We have developed a computerized-system that aims to represent embryonic development as the dynamic organization of a structure, as formed by a cellular aggregate. The system also allows one to link intracellular phenomena, such as gene expression, to a member of the embryonic cell aggregate at a given stage. The system is based on a three layer model: the molecular level (Genomic Space that relates to gene expression, signal transduction pathways, etc.), cellular level (Cellular Space), and organismal level (Developmental Space of three dimensional cell aggregates).

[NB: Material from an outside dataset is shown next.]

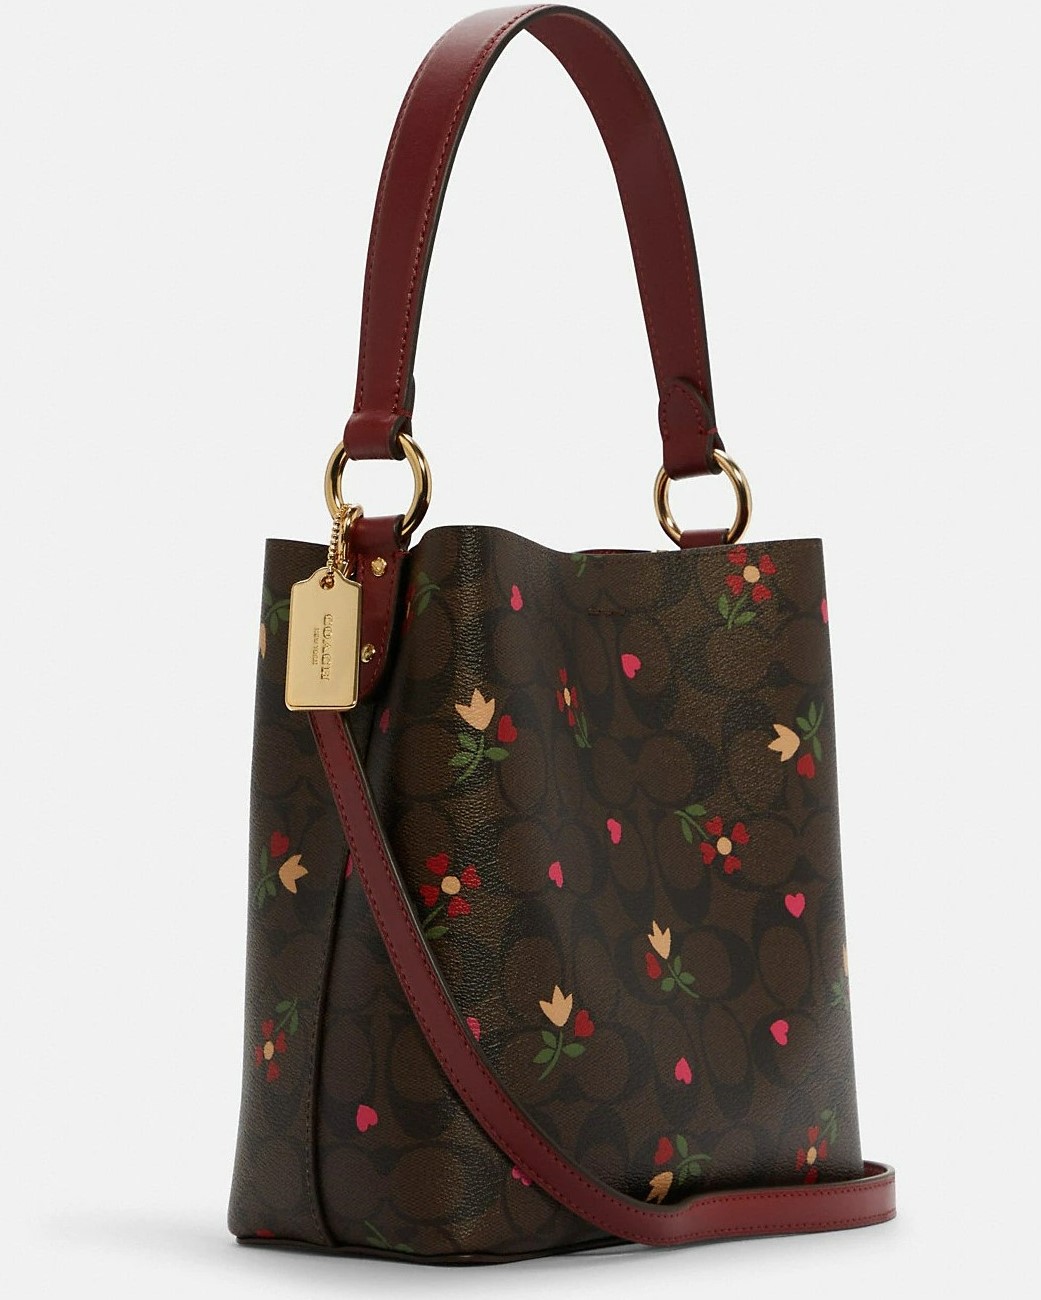 TÚI XÁCH NỮ COACH SMALL TOWN BUCKET BAG IN BROWN MULTI SIGNATURE CANVAS WITH HEART PETAL PRINT 5

Although conceptually general in nature, the system was specifically implemented to represent the embryonic development of C. elegans. Part of the system is already available on the Internet so that it may be used by a wide range of people from students to advanced researchers.

References

  1. Durbin, R. and Thierry-Mieg, J., 1991, A C. elegans Database. I. Users’ Guide, II. Installation Guide, and III. Configuration Guide. Code and data are available from anonymous FTP servers at lirmm.lirmm.fr, cele.mrc-lmb.cam.ac.uk and ncbi.nlm.nih.gov.
  2. Igarashi, T. and Kaminuma,T., 1997, Development of a cell signaling networks database, in: Pacific Symposium on Biocomputing ’97, R.B. Altman, A.K. Dunker, L. Hunter, and T.E. Klein, ed., World Scientific, Singapore.
  3. Igarashi, T., Kaminuma, T., and Nadaoka, Y., 1996, A data and knowledge base for cell signaling networks, in: Computation in Cellular and Molecular Biological Systems, R. Cuthbertson. M. Holcombe, and R. Paton, ed., World Scientific,Singapore.
  4. Kaminuma, T. and Matsumoto, G., eds.,1991, Biocomputers, Chapman and Hall, London.
  5. Kaminuma, T., Minamikawa, R., and Suzuki, I., 1986, 3D reconstruction of spatio-temporal series of optical pictures, in: Pattern Recognition in Practice, E.S. Gelsema and L.N. Kamal, ed., Elsevier Science Publishers B. V., North-Holland.
  6. Sulston, J. E., Schierenberg, E., White, J.G., and Thomson, J.N., 1983, The embryonic cell
  7. Thomas, C., DeVries, P., Hardin, J., and White, J., 1996, Four-dimensional imaging: com puter visualization of 3D movements in living specimens, Science 273: 603.